▸ WHAT THE TASK REQUIRES:
Both the line below containing "Zurigo, Svizzera - 3" and the line containing "волнение, гнев, расстройство", along with every line between them, should be repeated exactly; no other line belongs in the answer.

▸ DATA PROVIDED:
⁂

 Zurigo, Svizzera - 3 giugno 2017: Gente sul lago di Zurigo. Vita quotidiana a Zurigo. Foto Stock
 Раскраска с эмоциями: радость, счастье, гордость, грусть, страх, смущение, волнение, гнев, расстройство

⁂

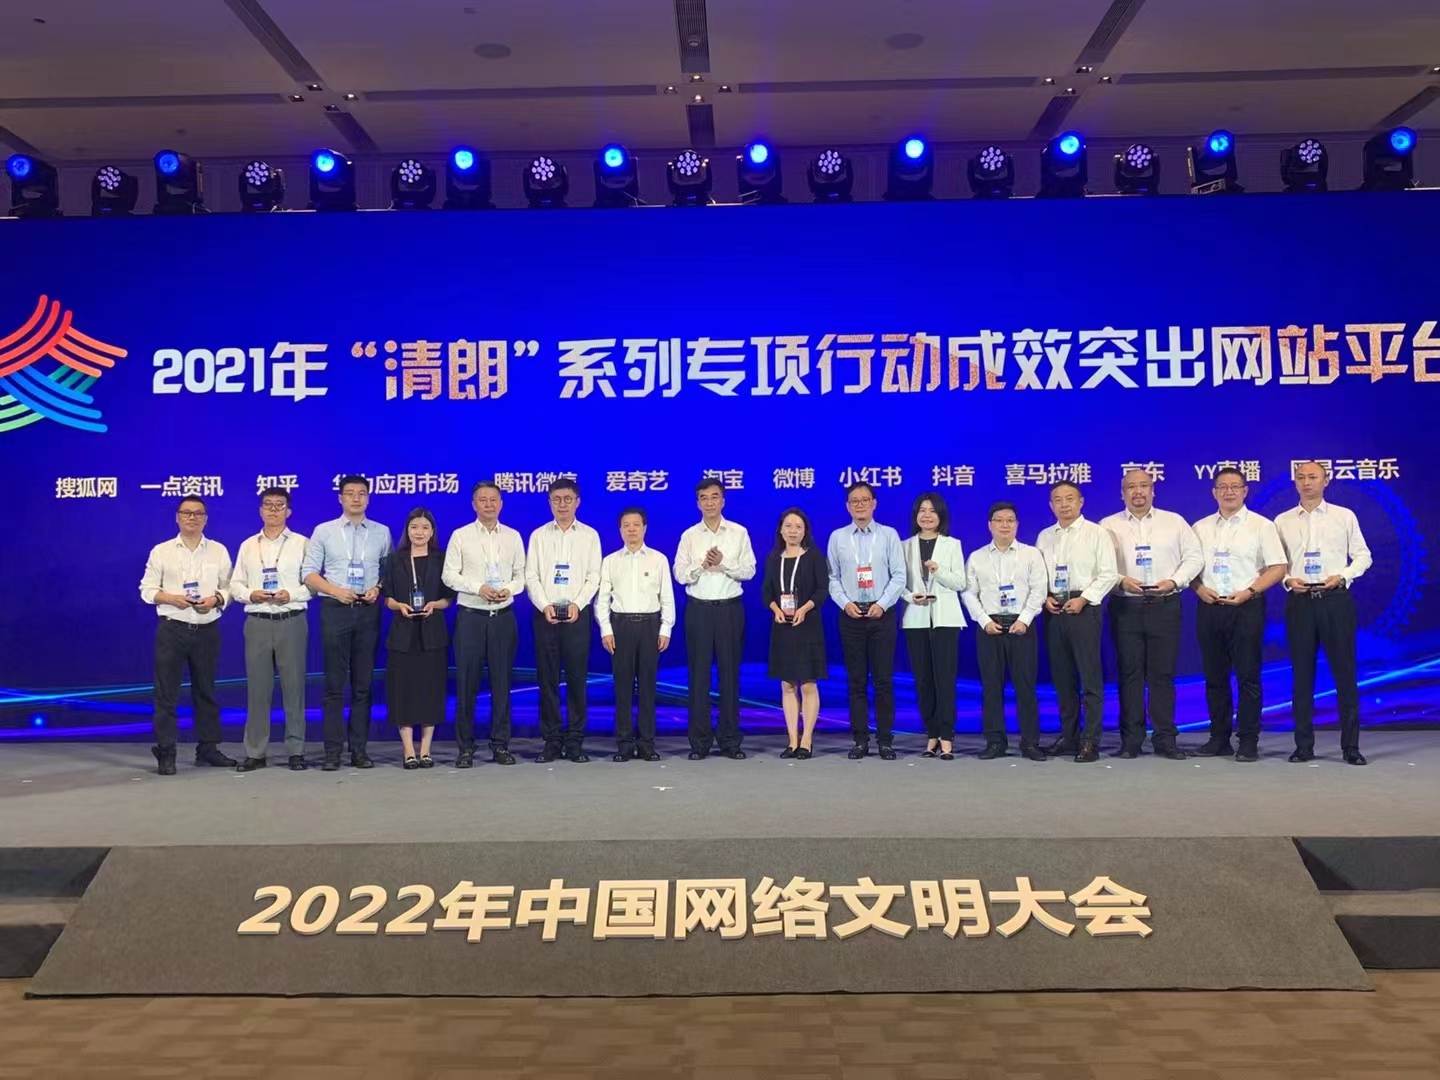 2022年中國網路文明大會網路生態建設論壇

⁂

▸ RESPONSE AREA:
 Zurigo, Svizzera - 3 giugno 2017: Gente sul lago di Zurigo. Vita quotidiana a Zurigo. Foto Stock
 Раскраска с эмоциями: радость, счастье, гордость, грусть, страх, смущение, волнение, гнев, расстройство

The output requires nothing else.